Sharabi, who was abducted by Hamas terrorists from Kibbutz Be’eri on October 7, 2023, and remained in captivity for 491 days, was going to speak for three large local Jewish day schools at Joseph Kushner Hebrew Academy (JKHA/RKYHS) in Livingston.
Rabbi Solomon recognized the opportunity and reached out to Rabbi Eliezer Rubin, the school’s head, for assistance in coordinating a special initiative: the writing of a new Torah in memory of the October 7 victims and in honor of all those who fight to safeguard Israel. The school agreed.
On Thursday, December 4, 2025, Yud Daled Kislev, Sharabi entered the campus, more than 500 lower and middle school students lined the walkway, standing shoulder to shoulder, singing, their voices and energy filling the air: V’Shavu Bonim Ligvulom – “The children have returned home.”
Sharabi then spoke with deep sincerity, sharing that although he never saw himself as religious, the very moment he was abducted, the first words that left his mouth were “Shema Yisrael.”
He said it in the car, in the tunnels, and every single day with and for his fellow hostages. The Shema became their anchor in the darkness.

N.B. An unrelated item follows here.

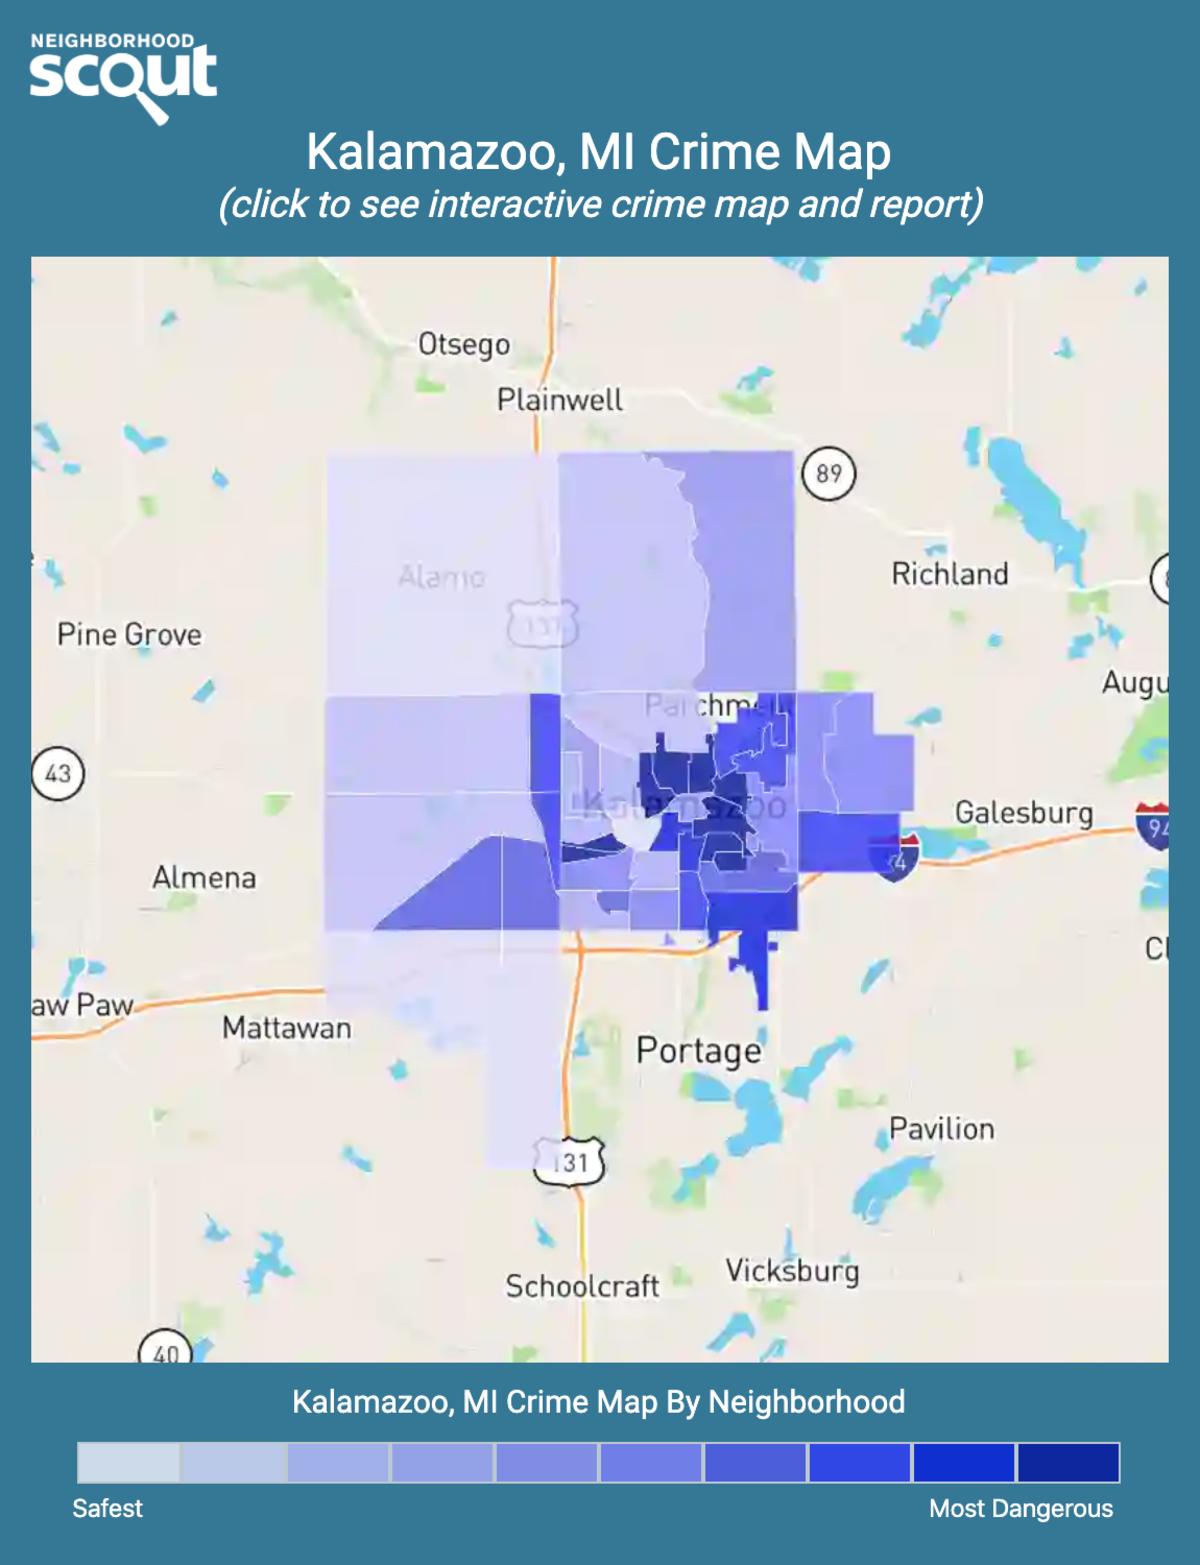 Kalamazoo, Michigan crime map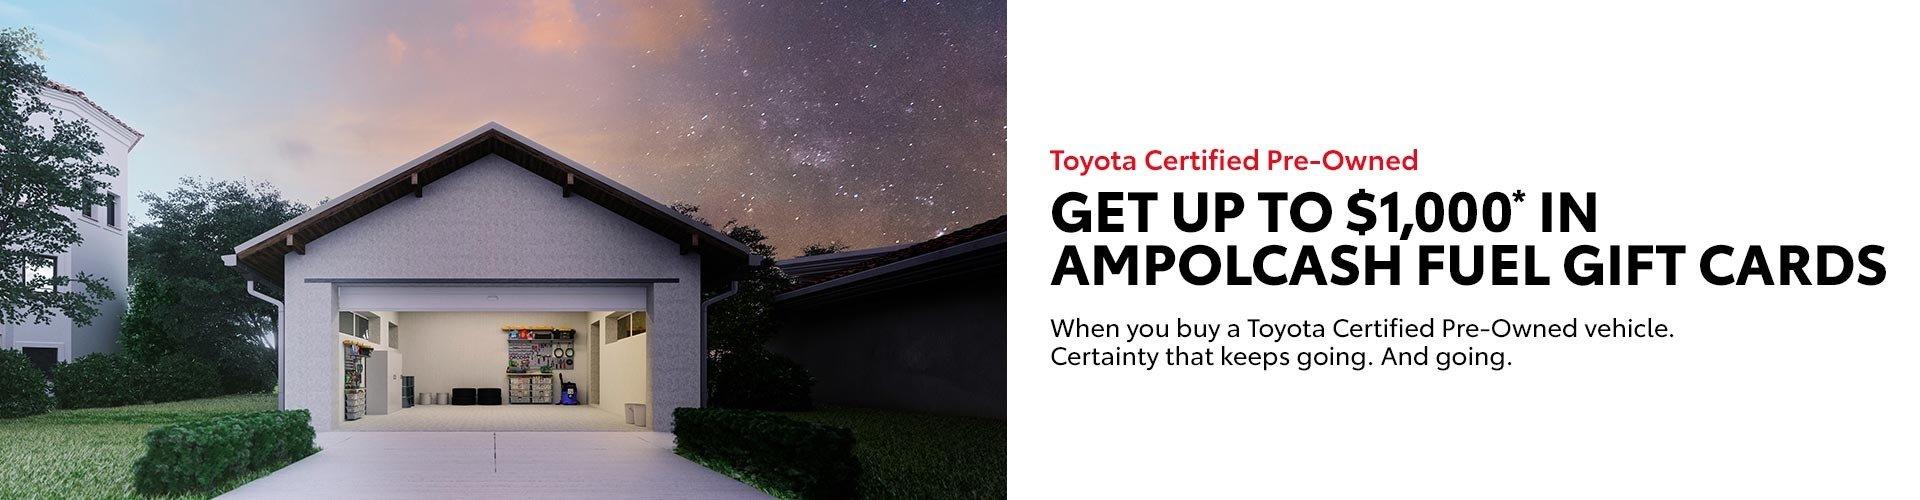 Werribee Toyota - TCPO Ampol Fuel Gift Cards

Following his remarks, Rabbi Solomon addressed the audience, blessing Sharabi and recalling a childhood memory: accompanying his parents, especially his mother, in the early 1980s as the Rebbe launched the worldwide Sefer Torah campaign, inviting Jews everywhere to fulfill the final mitzvah of the Torah, writing a letter in a Sefer Torah, and welcoming all the faculty and students of all three schools to participate in this special mitzvah.
Sharabi, visibly emotional, wrote the very first letter, the “bais” of Bereshis, with the assistance of sofer stam Rabbi Moshe Klein. Students soon lined up to write their letters. Parents, faculty, and administrators, many experiencing this mitzvah for the first time, joined in.
A formal campaign will now invite the broader community to help complete the Sefer Torah, with heartfelt prayers that another newly released hostage, whose family is close with Shlucha Chana Solomon, will be present for its completion.
The new Sefer Torah was graciously initiated and sponsored by Ilana and Lance Kaplan, members of Chabad at Short Hills for two decades and now active members of Chabad in East Boca, Florida.
Rabbi Solomon said it was beautiful to see a survivor of terror, hundreds of children, educators, parents, and an entire community come together to begin writing a Torah of hope.